Bug 681440

Summary: xenpv-win drivers leak memory on (misaligned I/O && backend is busy)
Product: Red Hat Enterprise Linux 5 Reporter: cshao <cshao>
Component: xenpv-winAssignee: Paolo Bonzini <pbonzini>
Status: CLOSED ERRATA QA Contact: Virtualization Bugs <virt-bugs>
Severity: high Docs Contact:
Priority: high    
Version: 5.7CC: drjones, mshao, pbonzini, rwu, whuang
Target Milestone: rc   
Target Release: ---   
Hardware: Unspecified   
OS: Windows   
Whiteboard:
Fixed In Version: 1.3.4-6.el5 Doc Type: Bug Fix
Doc Text:
Story Points: ---
Clone Of: Environment:
Last Closed: 2011-06-08 08:15:39 UTC Type: ---
Regression: --- Mount Type: ---
Documentation: --- CRM:
Verified Versions: Category: ---
oVirt Team: --- RHEL 7.3 requirements from Atomic Host:
Cloudforms Team: --- Target Upstream Version:
Embargoed:
Bug Depends On:    
Bug Blocks: 518435    
Attachments:
Description Flags
disk stress process will disappear after run a few minutes
none
2k3-64-diskIO.wtl
none
disk Verification-diskIO-before.png
none
disk Verification-diskIO-disappear-after.png
none
disk stress-diskIO-after.png
none
disk stress-diskIO-before.png
none
win7 -32 wtl file
none
blk-win7-32-disk-stress none

Description cshao 2011-03-02 07:25:43 UTC
Created attachment 481797 [details]
disk stress process will disappear after run a few minutes

Description of problem:
Disk Verification (or Disk Stress) job process will disappear after run a few minutes in win2k3-32&64 guest.

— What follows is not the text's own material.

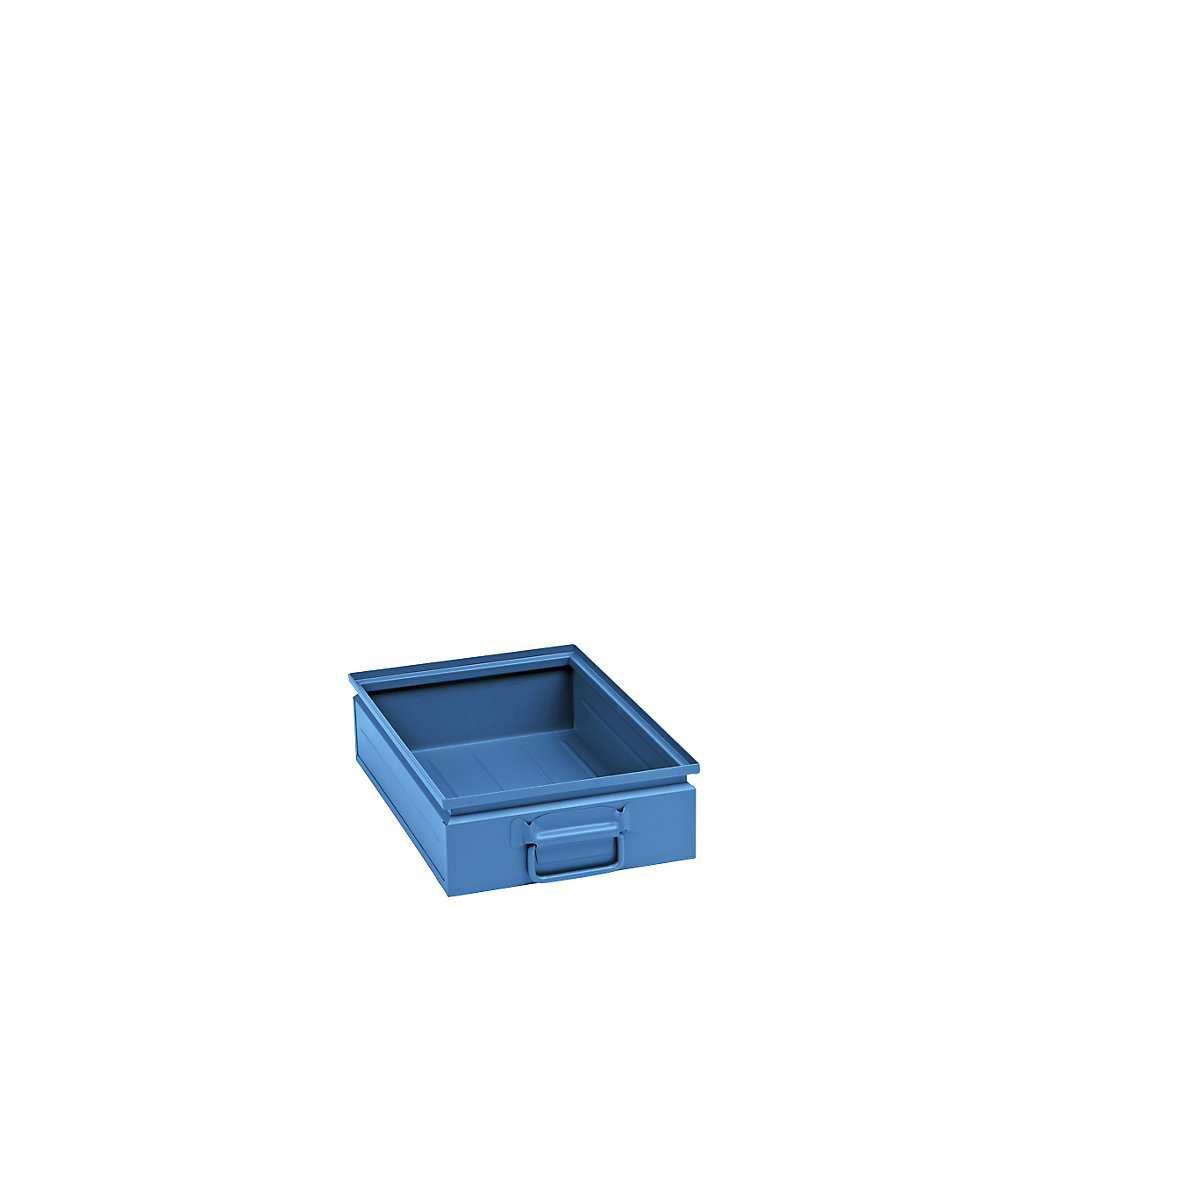 Skrzynka do ustawiania w stos z blachy stalowej, poj. ok. 15 l, jasnoniebieski, RAL 5012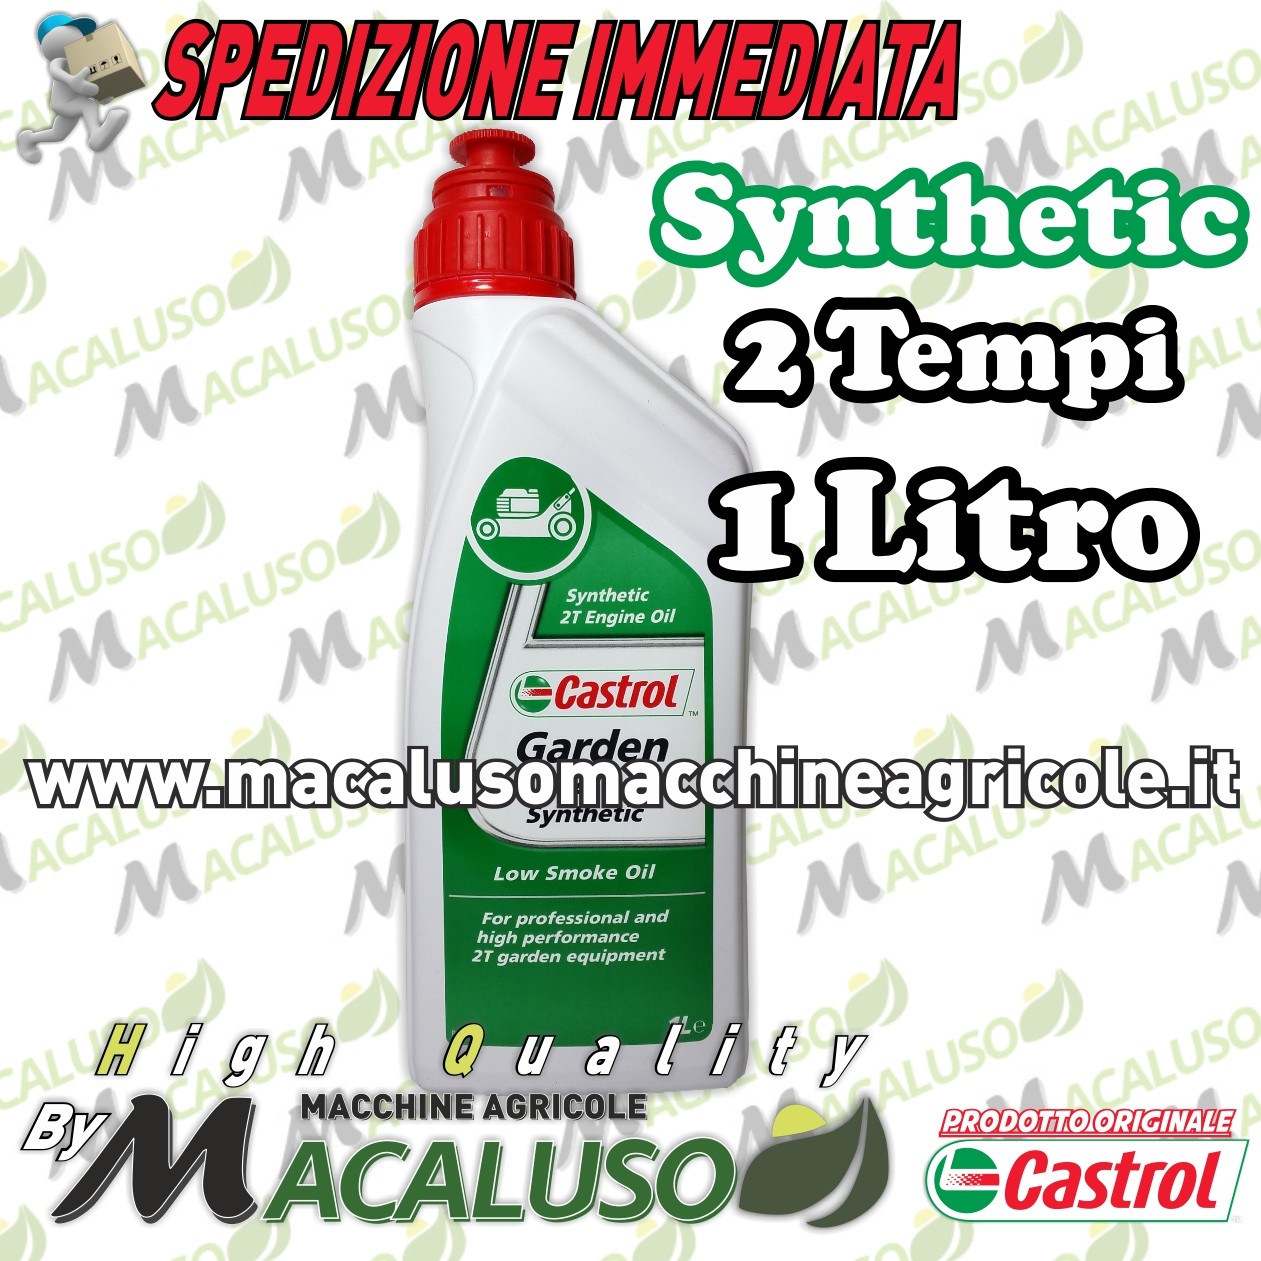 Olio miscela Castrol Garden 2T Synthetic sintetico 1 LT 2 tempi motosega  decespugliatore - Macaluso Macchine Agricole

Version-Release number of selected component (if applicable):
kernel-xen-2.6.18-245.el5.x86_64.rpm
xen-3.0.3-123.el5.x86_64.rpm
xenpv-win-1.3.4-2.el5.noarch.rpm


How reproducible:
100%

Steps to Reproduce:
1. Set the DWORD value "EnumerateDevicesOverride" to 3 in the registry key "HKEY_LOCAL_MACHINE\SYSTEM\CurrentControlSet\Services\rhelscsi",
2. Run Disk Stress or Disk Verification job with below configure:
disk = [ "file:/var/lib/xen/images/win2k3-64b-50G,hda,w",  "tap:aio:/var/lib/xen/images/disk2,xvda,w" ]
3. Please see attachment for more details.
  
Actual results:
1. In win2k3-32 and win2k3-64 guest, disk Verification process will disappear after run a few minutes.
2. In DTM studio job queue, this job will keep Running status all along. But in fact, the job didn't run.

Expected results:
The Disk Verification pass.
The Disk Stress pass.


Additional info:
When I set the DWORD value "EnumerateDevicesOverride" to 1, I get the same result.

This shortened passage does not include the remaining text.